Problem to work on:
Leave out every picture, and output exactly the lines from the line containing "Gros plan d'une" through the last line of the data.

Collected material:
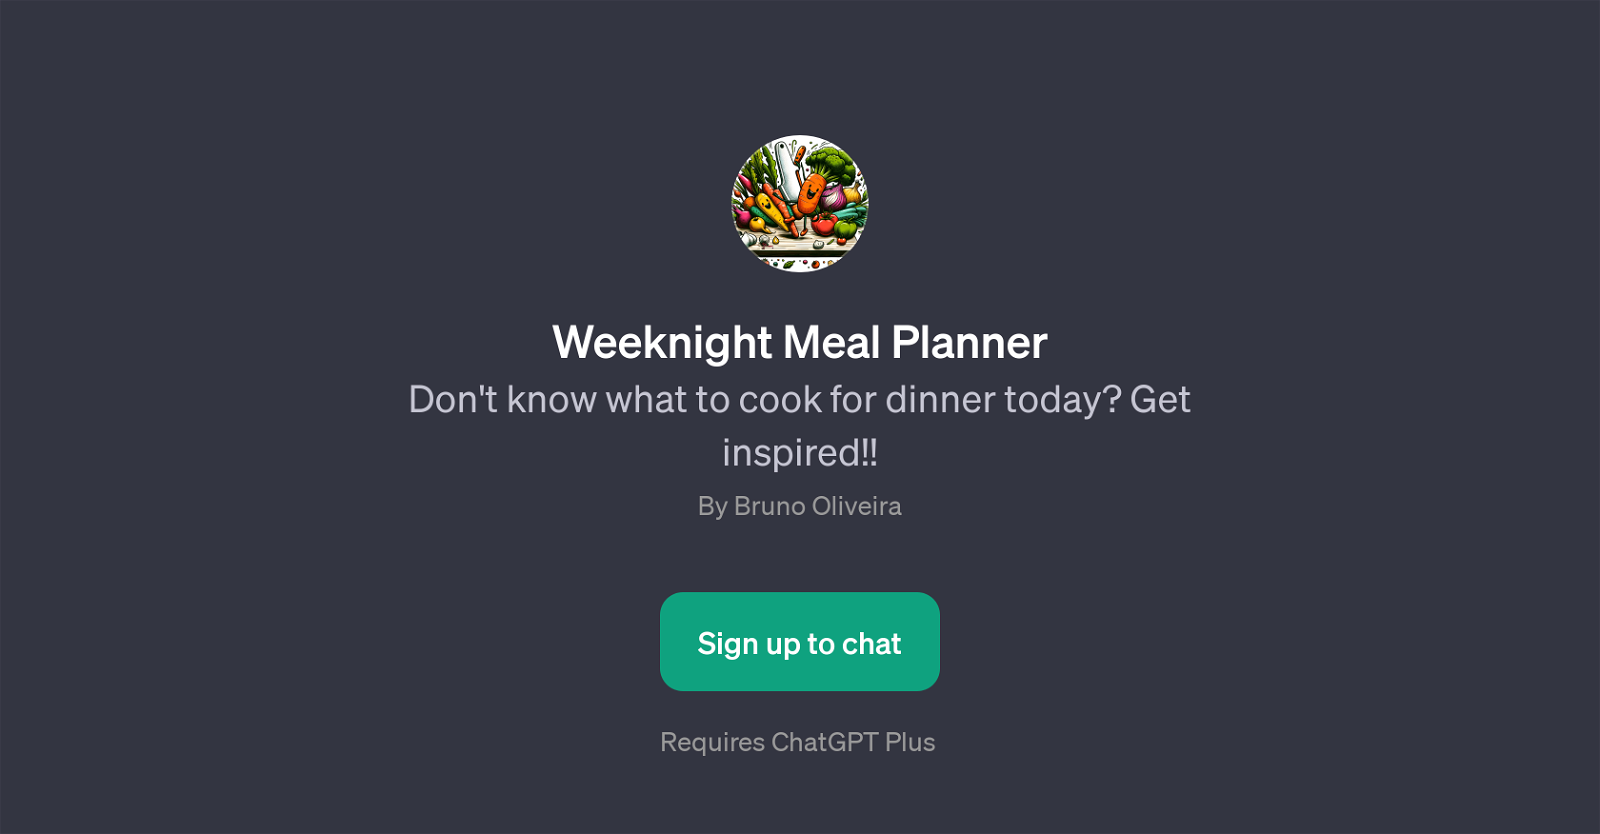 Weeknight Meal Planner website
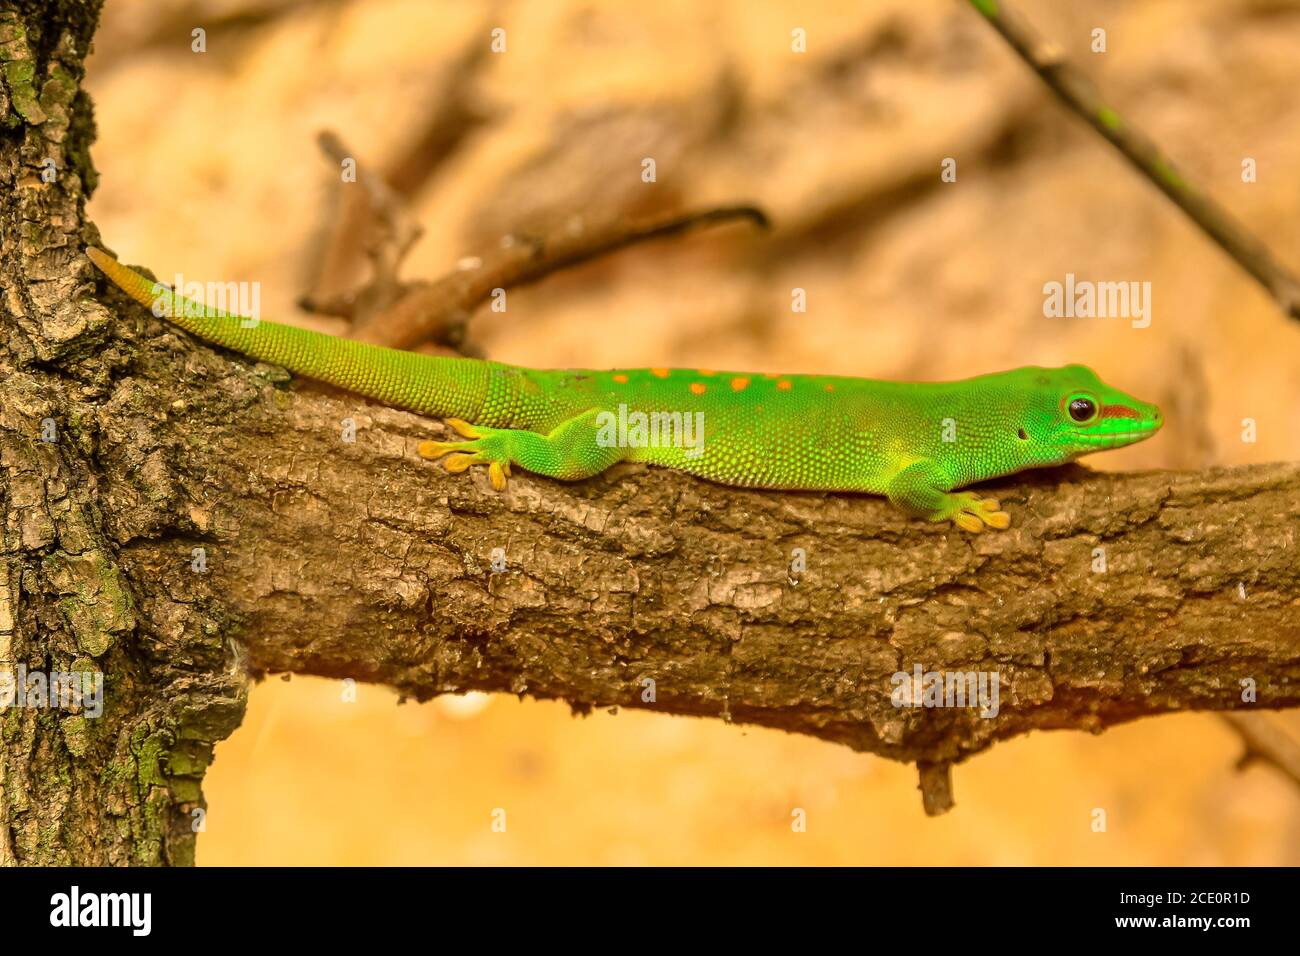 Gros plan d'une espèce verte de Gecko, Phelsuma madagascariensis, également appelée Madagascar Day gecko. Il vit dans les forêts tropicales de Madagascar. Repose sur un arbre Banque D'Images
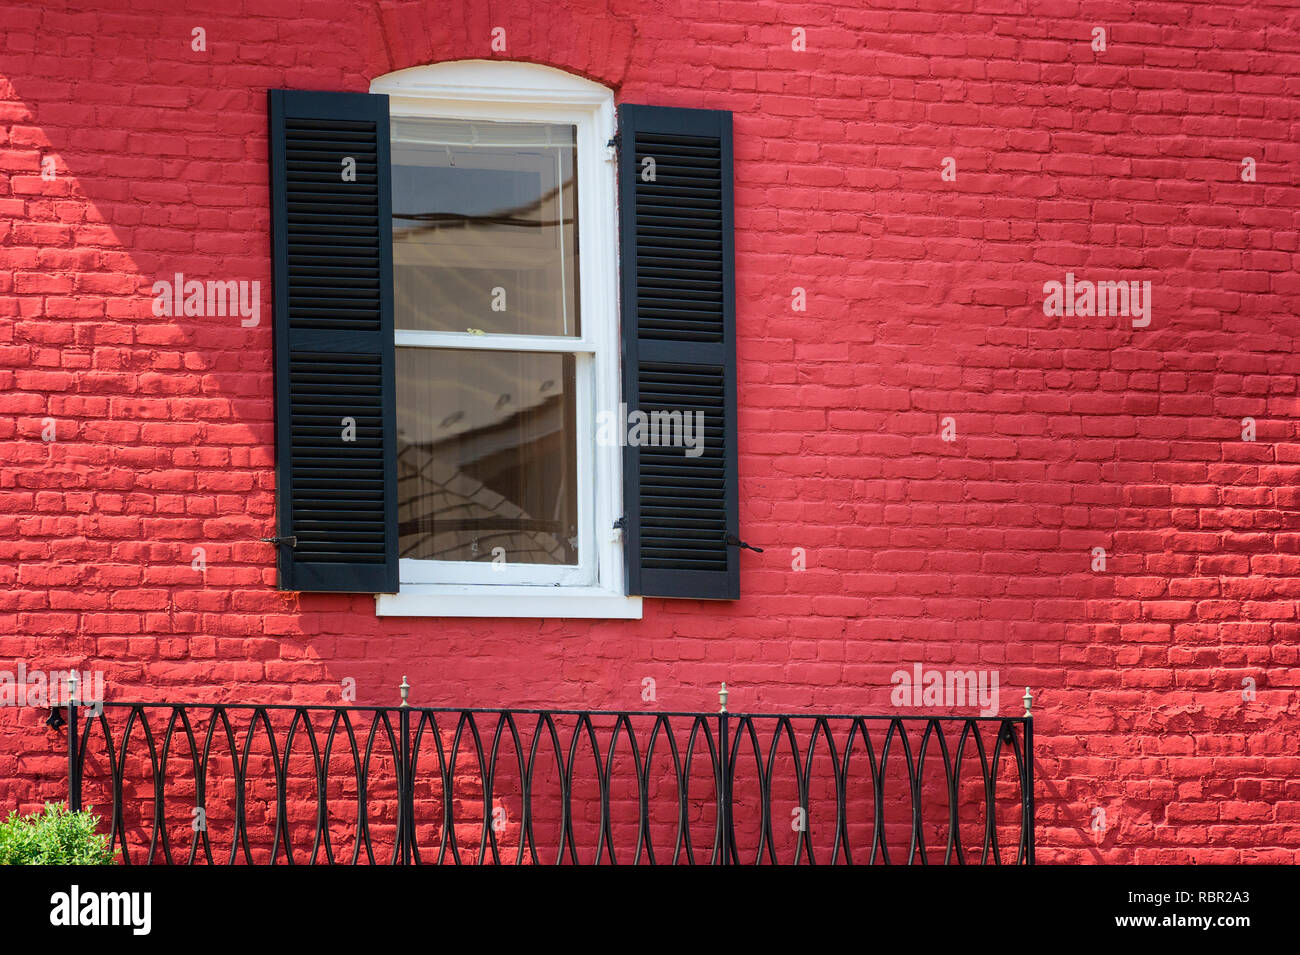 Un côté extérieur d'un bâtiment en brique rouge avec une fenêtre en fer forgé, encadrées de volets noir Banque D'Images

Answer to the problem:
 Gros plan d'une espèce verte de Gecko, Phelsuma madagascariensis, également appelée Madagascar Day gecko. Il vit dans les forêts tropicales de Madagascar. Repose sur un arbre Banque D'Images
 Un côté extérieur d'un bâtiment en brique rouge avec une fenêtre en fer forgé, encadrées de volets noir Banque D'Images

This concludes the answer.